Dubbo Chamber of Commerce president advises sick workers to stay home

STAY HOME: Dubbo Chamber of Commerce president Matt Wright has joined a queue of people urging victims of flu to help prevent its spread by staying home. Photo: File

STAY HOME: Dubbo Chamber of Commerce president Matt Wright has joined a queue of people urging victims of flu to help prevent its spread by staying home.

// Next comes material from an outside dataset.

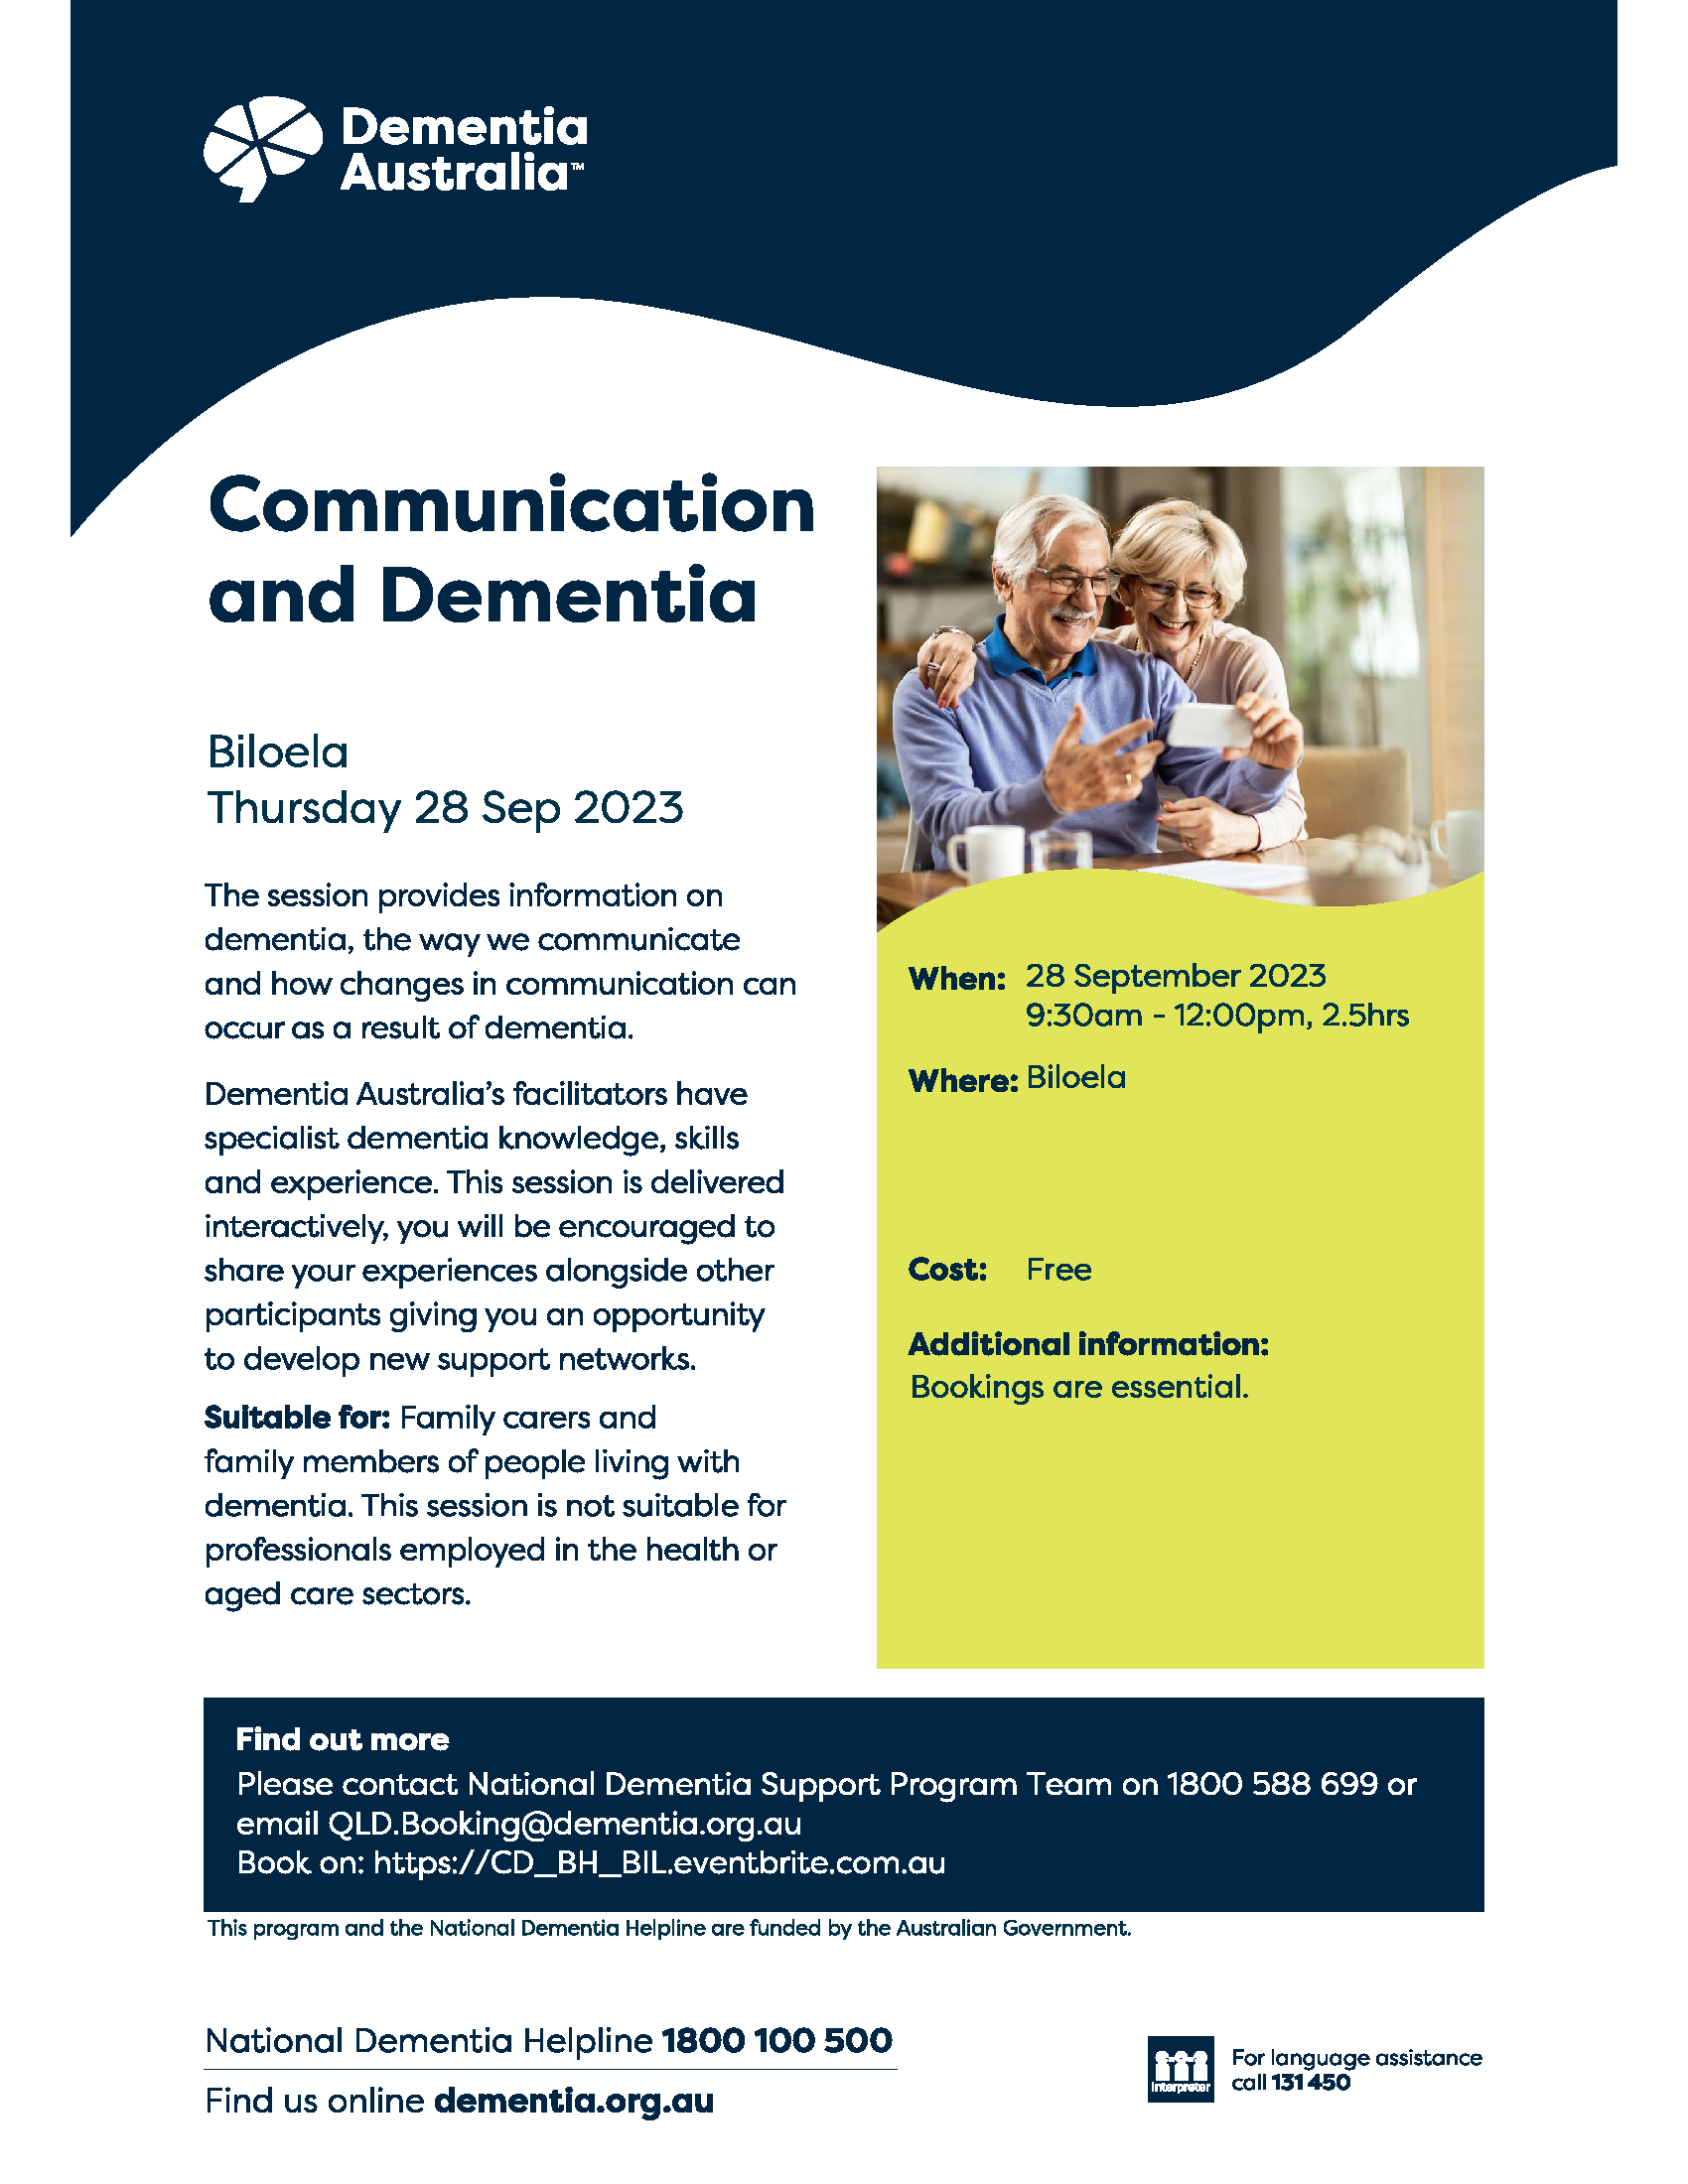 Communication and dementia biloela 280923 1

Photo: File

Dubbo Chamber of Commerce president Matt Wright is telling employees not to soldier on when they have influenza (flu) while applauding employers who send sick workers home.

The business leader has joined a queue of people urging victims of flu to help prevent its spread by staying home.

On Wednesday there were 559 confirmed cases within the Western NSW Local Health District, up 236 on the 323 recorded in the same periods in 2016.

The NSW Health Influenza Surveillance Report for the week ending August 13 revealed a surge of flu cases in the health district.

In the seven-day period 180 cases were confirmed, compared to an average 61 per week in the previous month.

The health district’s director of nursing and midwifery Adrian Fahy has told the community to “ask sick people to stay away until they are well”.

The advice has got the thumbs up from community members on the Daily Liberal’s Facebook page.

 “I stay away when l have a cold etc and l expect the same courtesy from others,” Gail Scanlon said.

Shanaine Louise said it was “common courtesy to stay home and get well”.

“Sharing the flu is unnecessary and hard to avoid in an enclosed workplace,” Debra Gale said.

Mr Wright said the chamber heard from employers of staff “staying on when they are sick”, leading to the spread of flu and “further absenteeism and and loss of productivity”.

He said a “lot of employees” felt obligated to turn up to work despite being sick.

“They want to be there and get the job done and ..don’t want to let the rest of the team down,” the president said.

“But by turning up sick you potentially are letting the rest of the team down by bringing your  sickness into work.

“I think it is really a matter of staff using their employee benefits of sick leave. That is exactly what it is for, genuine sickness.”

“I’d like to think that a majority of businesses owners happily let their staff avail themselves of sick days legitimately, especially this time of year.”

Mr Wright said employers were doing themselves and others a favour when advising sick workers to go home.

“For business owners to make that decision to send a staff member home is really potentially protecting the  other staff but also the future and short-term productivity of the business itself,” he said.